そして、食卓にはガイアルとクロイスも座っていた。
「ごめん。遅くなって」
「いや、こちらでも問題が発生したからな。ちょうどよかった」
そういうガイアルは、何故か昨日とは違う席に座っている。
……あれ、そこって昨日クロイスが座っていた席だけど。
「そうだ。お前の見解を聞きたい……お前らが何もないってことは、やはりお前の仕業だよな?」
「え? クロイス。急にどうしたの?」
ツカツカとこちらへ歩み寄り、ボクの目の前へ。
そんな迫力に、いつの間にか壁を背にしてしまっていた。
……助けを求めようとしたけど、一緒に来た三人は既に席へ着いていた。
どうやらこちらのことは我関せずといった感じらしい。
「良いから、言え」
「ちょ、近いって。
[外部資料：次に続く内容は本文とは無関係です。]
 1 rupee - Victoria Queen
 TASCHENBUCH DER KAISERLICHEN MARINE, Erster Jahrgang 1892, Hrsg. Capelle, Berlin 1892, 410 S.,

それに何をっ!」
逃げ場はない。
こんなにクロイスにせめられたことなんて、あの時以来だろうか。
にしても、彼らしくない。まるで別人のような……・
「どうして俺と兄貴が入れ替わっているんだ!」
「え?」
その言葉に、席に座ったままのガイアルに視線が集中する。
彼……クロイスは困ったように、肩を竦めただけだった。